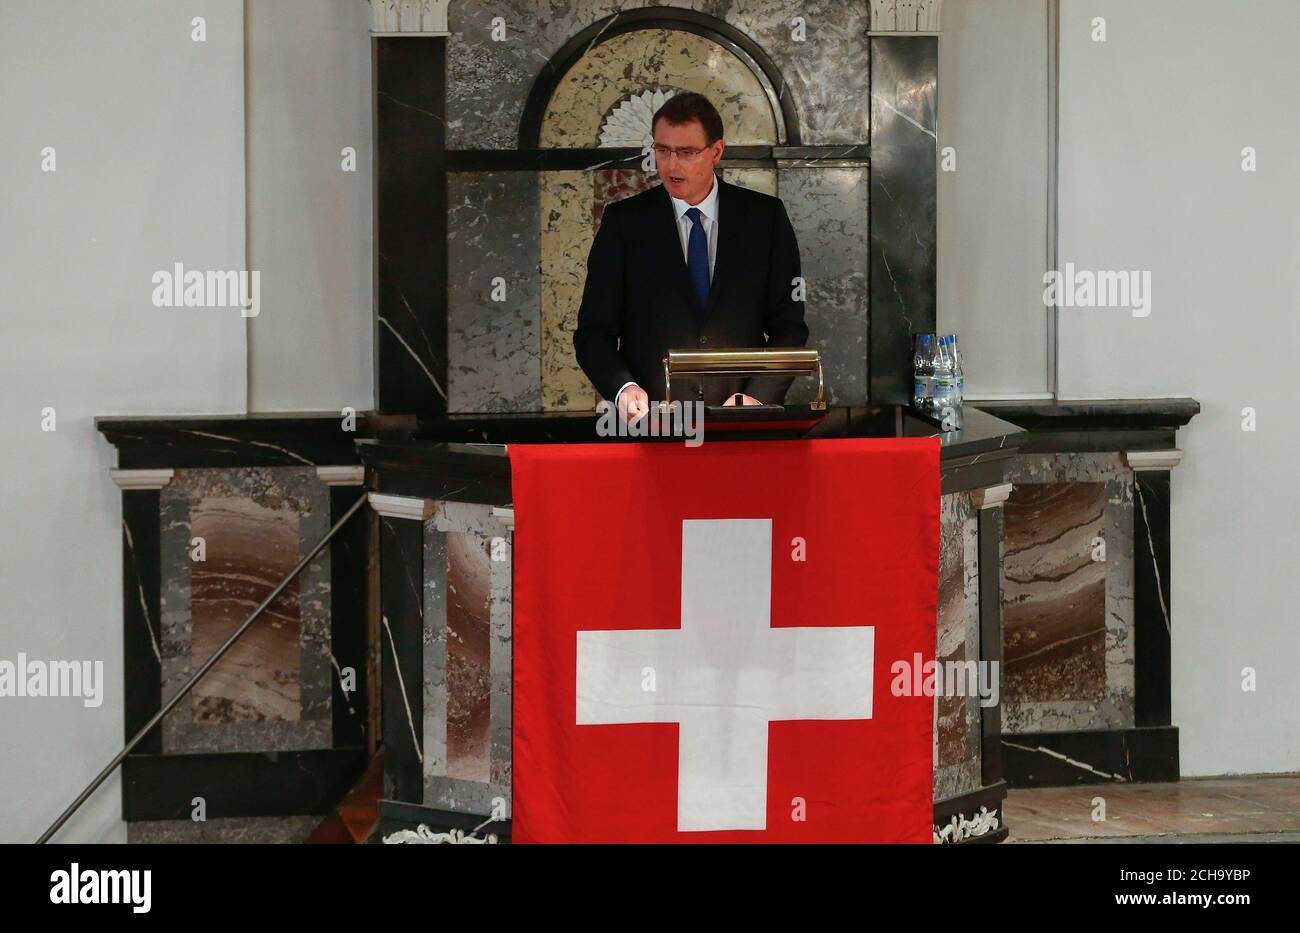 Thomas Jordan, chairman of the Swiss National Bank (SNB) delivers a public  speech at a church in the town of Uster, near Zurich November 23, 2014.  Jordan repeated its opposition to a
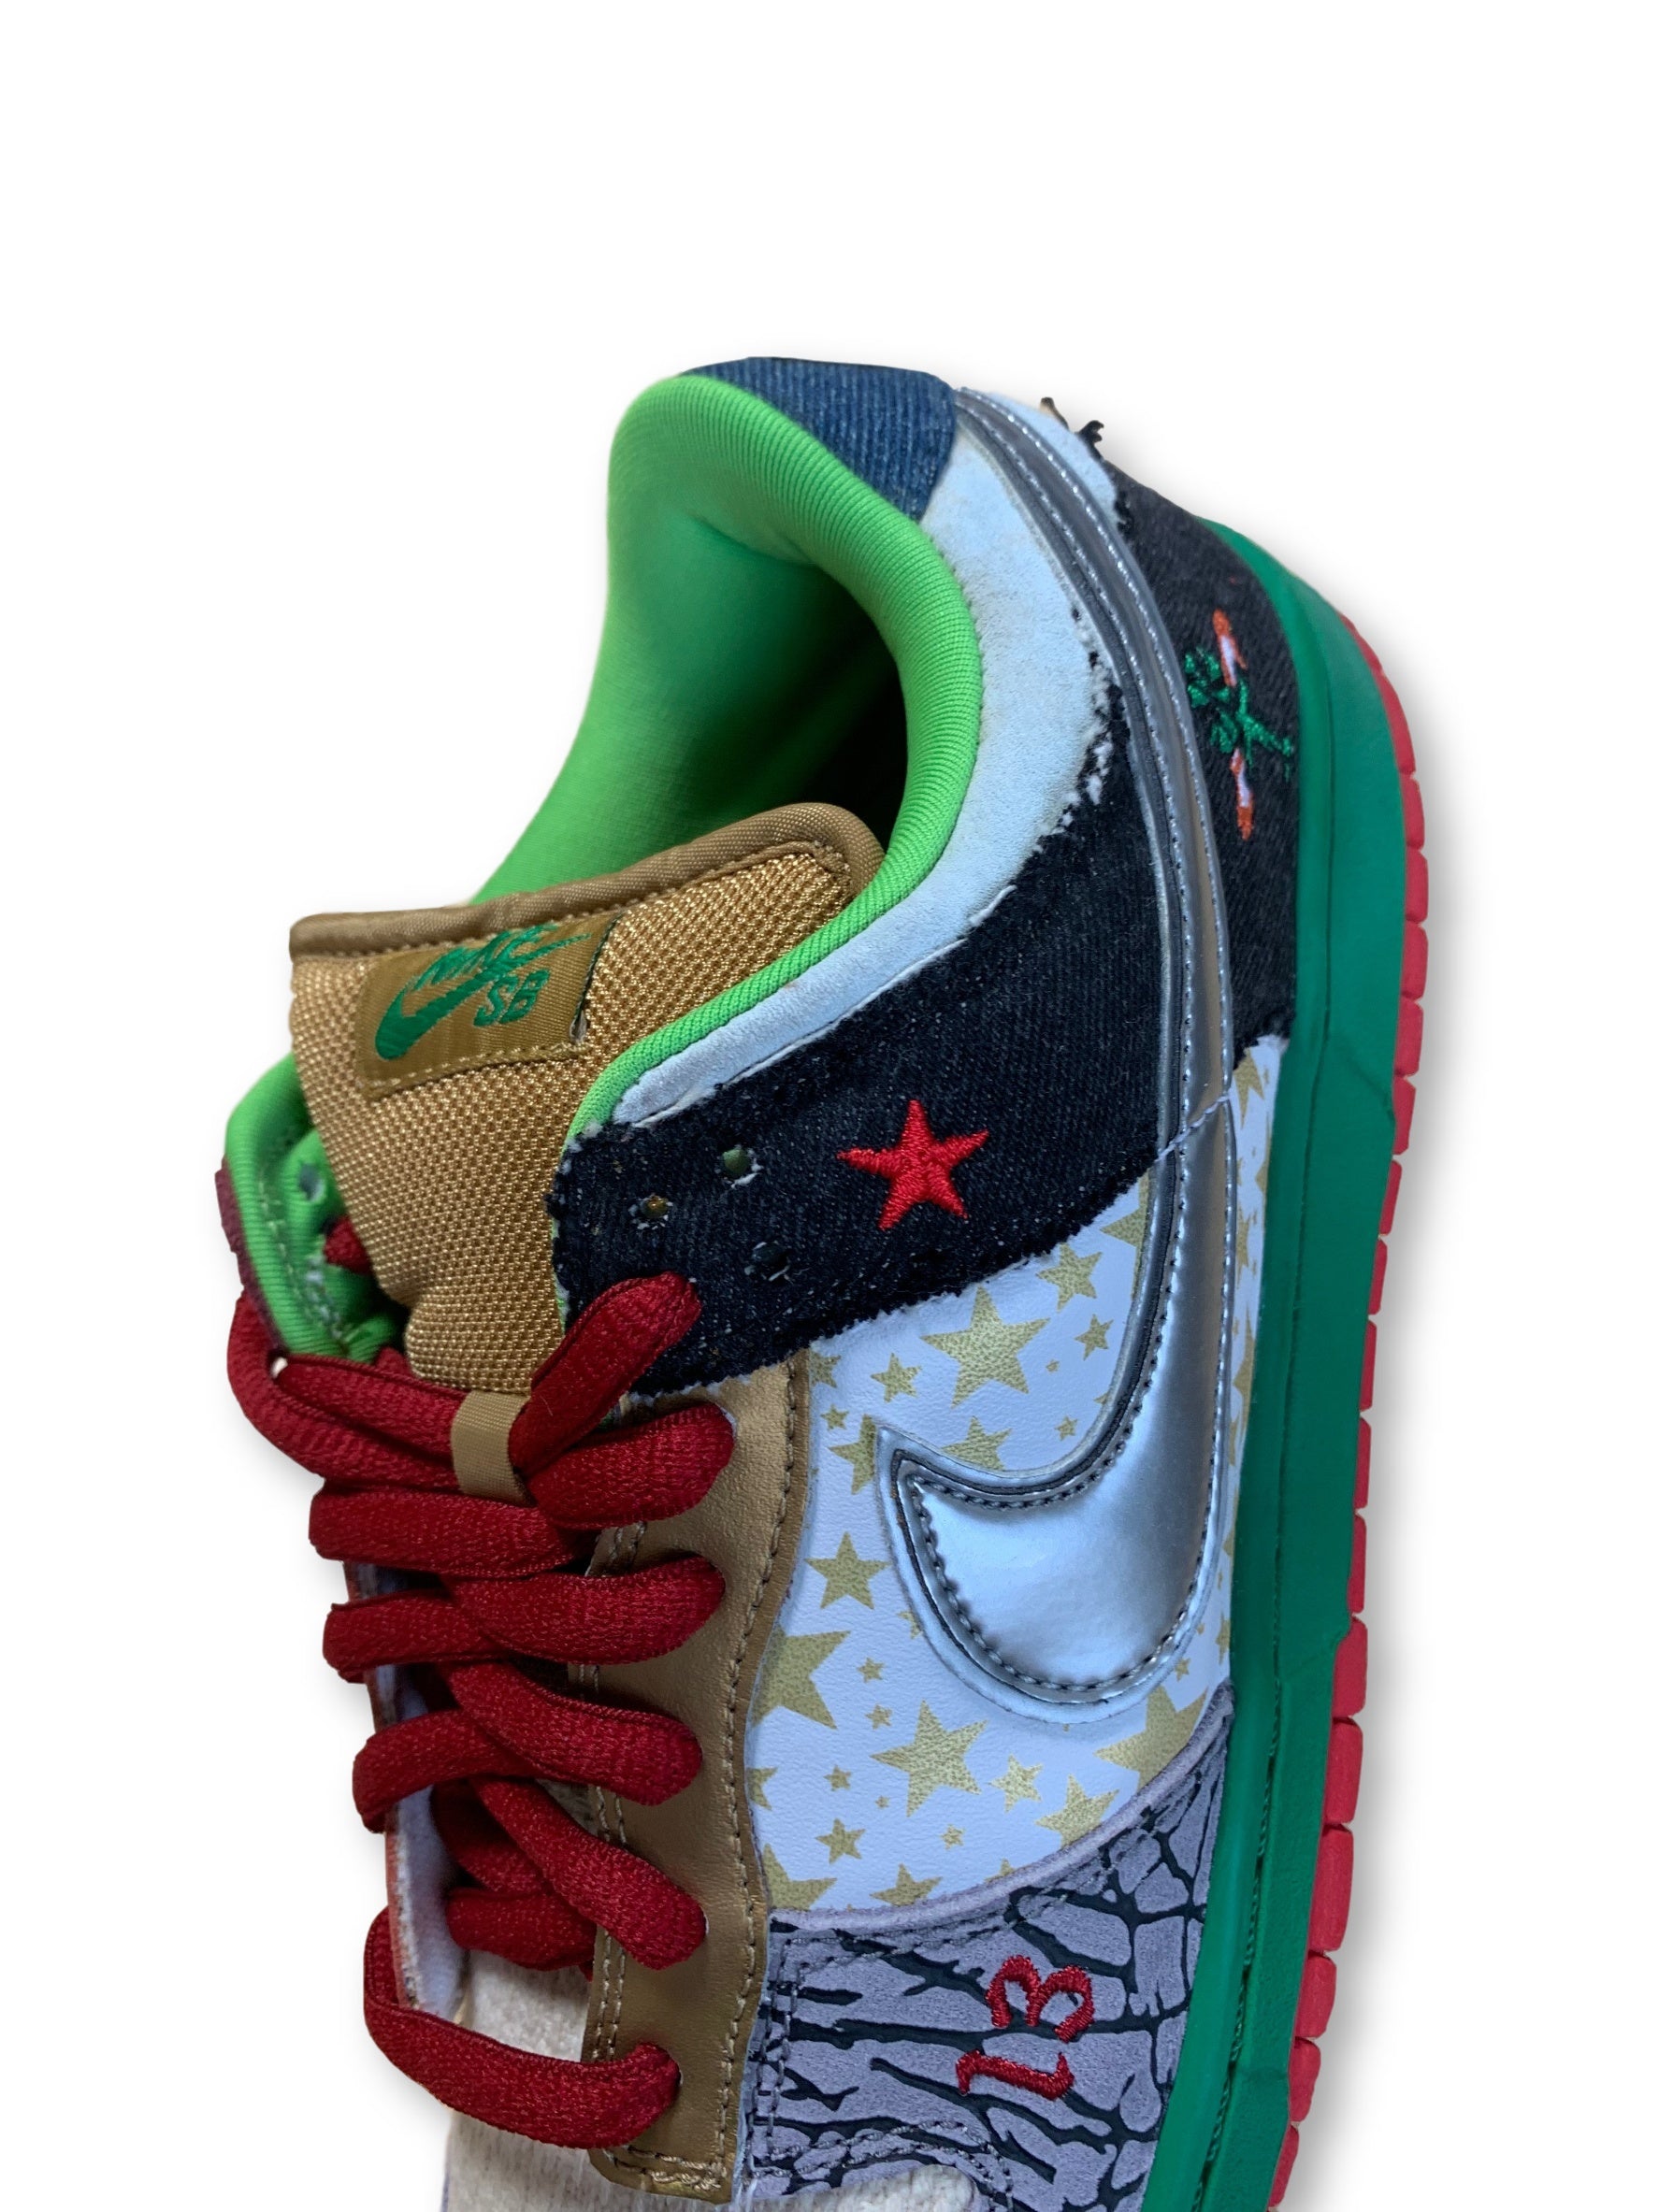 Nike Dunk Low Pro SB "What The Dunk" - Size 10 - NEW
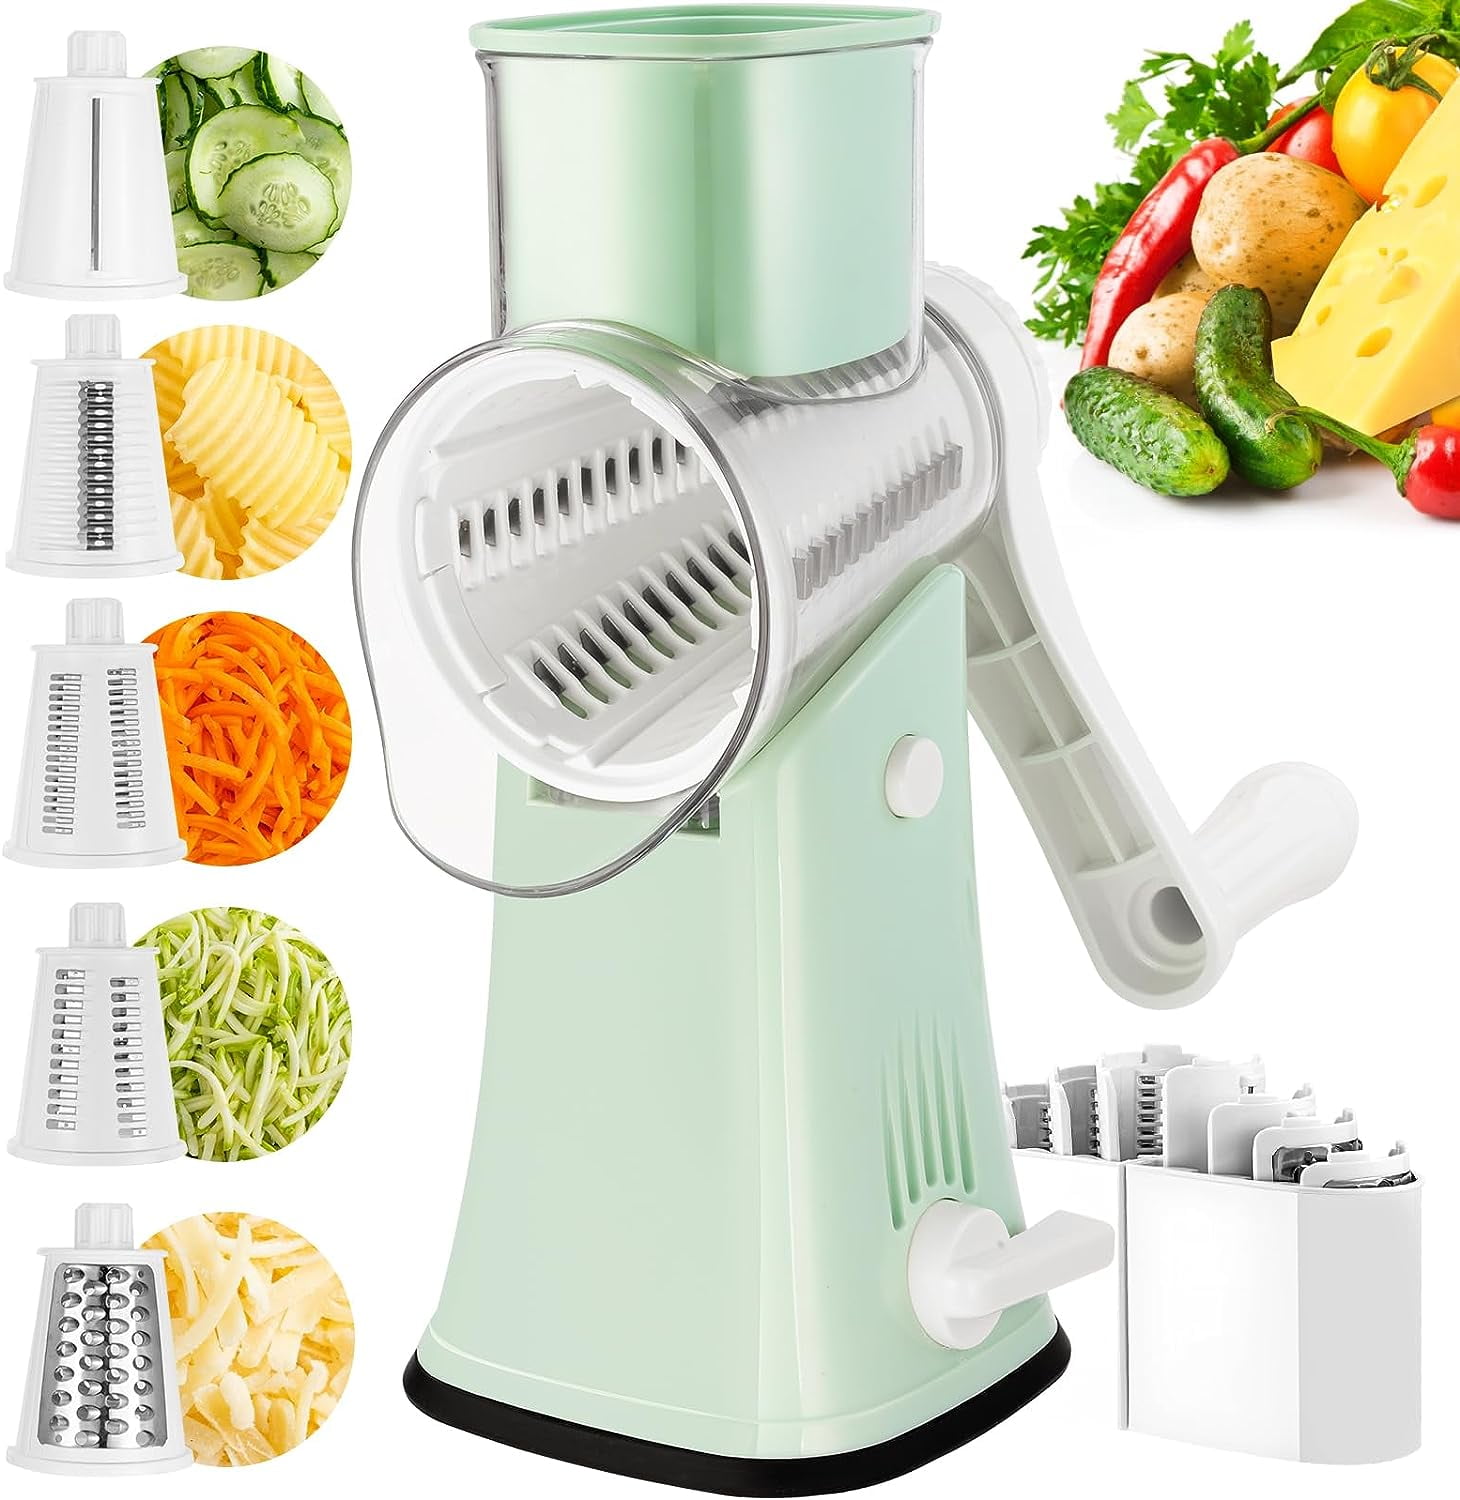 Manual Rotary Cheese Grater with Handle - Green, New

§ EXERCISE: With the pictures left out, write out all of the data exactly.

§ SOLUTION TO THIS EXERCISE:
 Thomas Jordan, chairman of the Swiss National Bank (SNB) delivers a public  speech at a church in the town of Uster, near Zurich November 23, 2014.  Jordan repeated its opposition to a
 Nike Dunk Low Pro SB "What The Dunk" - Size 10 - NEW
 Manual Rotary Cheese Grater with Handle - Green, New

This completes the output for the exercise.